Di sisi lain, masyarakat lokal Papua juga harus 'bersaing' dengan pendatang yang memiliki SDM dan pengetahuan lebih baik, sehingga kondisi itu menimbulkan kecemburuan sosial tersendiri. Menghadapi kenyataan ini, seharusnya Pemerintah Pusat dan Pemerintah Daerah juga harus menyiapkan lapangan kerja dan menciptakan peluang bagi pemuda Papua.

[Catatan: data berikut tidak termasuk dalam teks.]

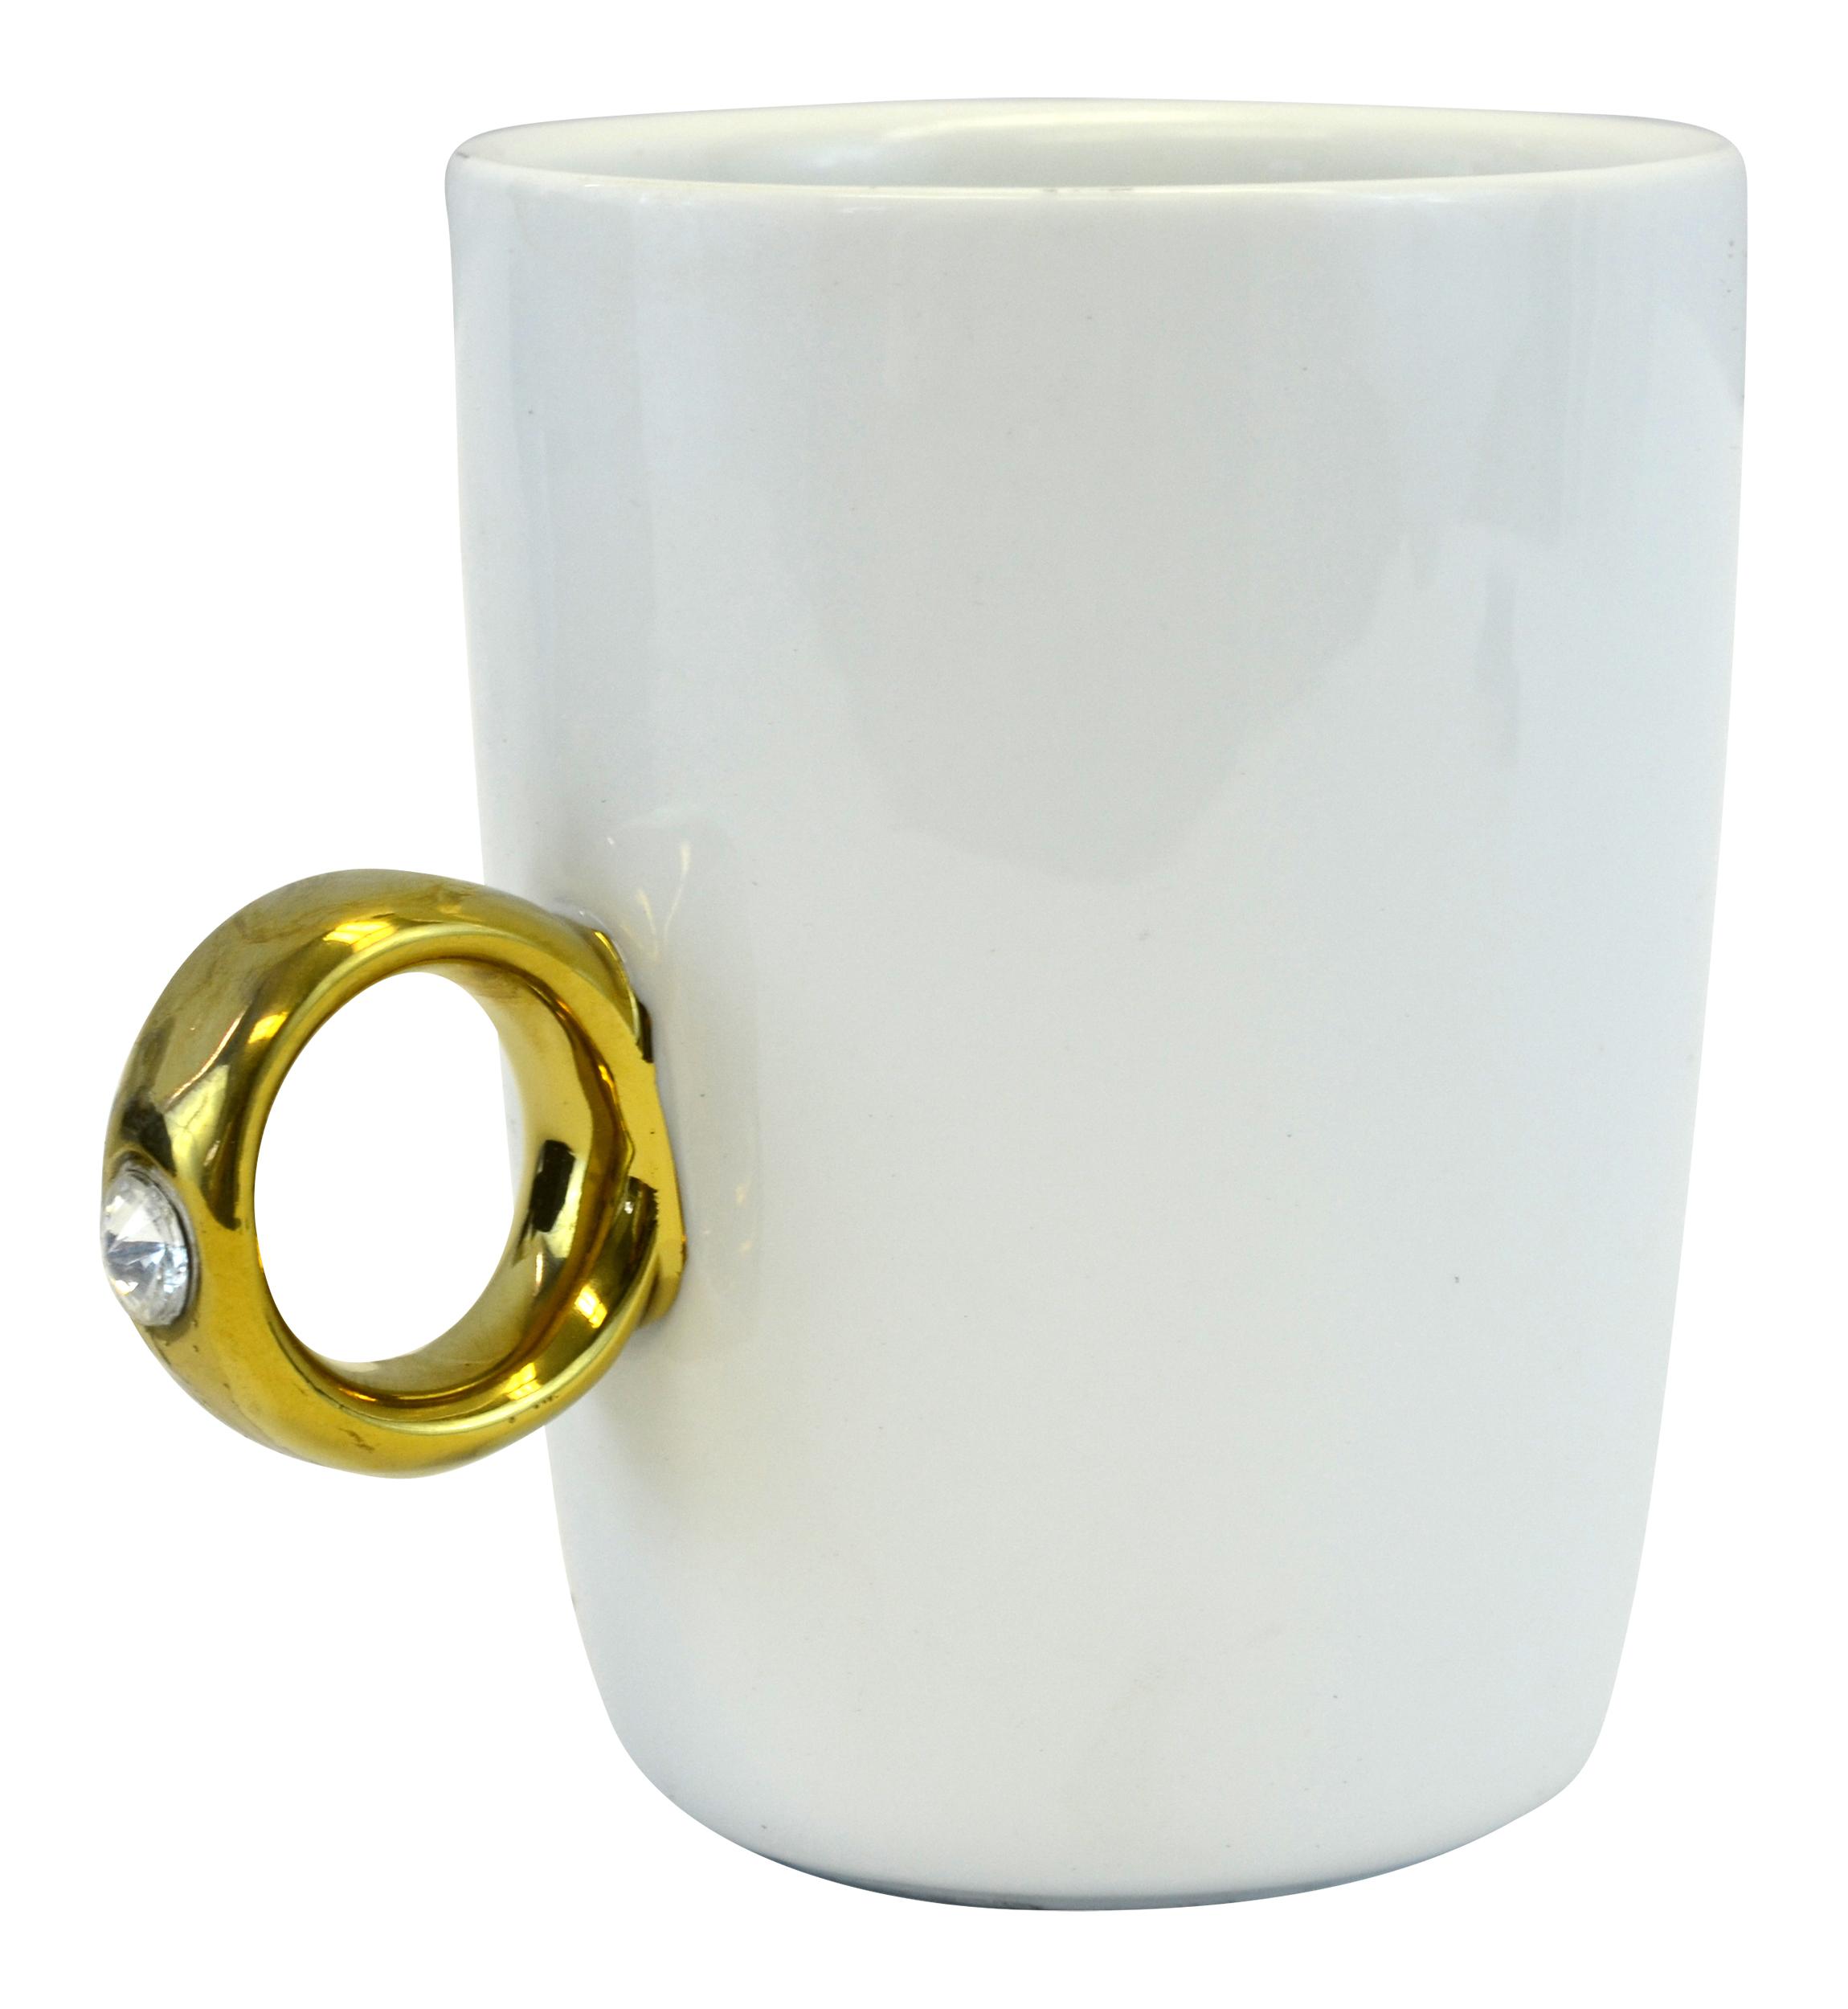 Solitaire ring mug
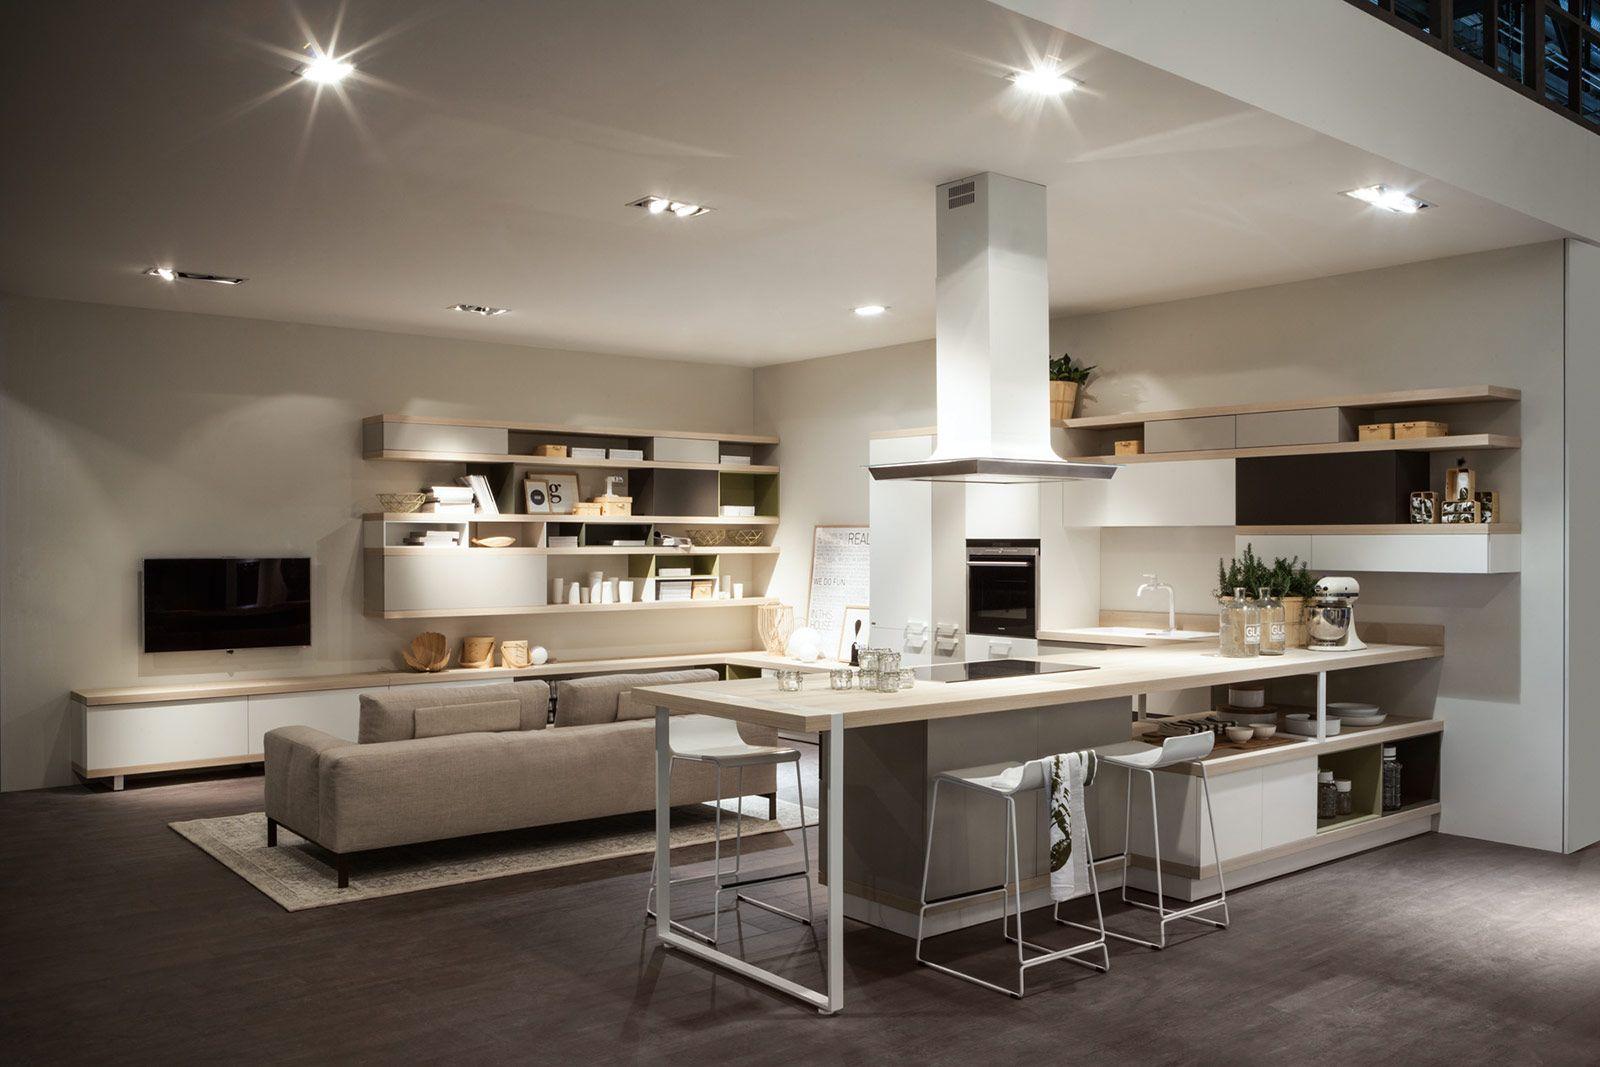 Unico Ambiente Cucina Soggiorno pin di laura su arredamento | soggiorno open space, cucina

“Masyarakat setempat juga harus mampu merangkul para pendatang dan kalau perlu saling bertukar ilmu,” katanya.

Menurut dia, istilah OAP (Orang Asli Papua) sebenarnya tidak perlu dimunculkan kembali agar kecemburuan sosial tidak lagi ada. Permasalahan ekonomi yang lebih didominasi oleh warga pendatang harusnya memicu Pemerintah Daerah (Pemda) untuk lebih meningkatkan mental dan jiwa interpreneur di kalangan warga asli setempat, khususnya pemuda.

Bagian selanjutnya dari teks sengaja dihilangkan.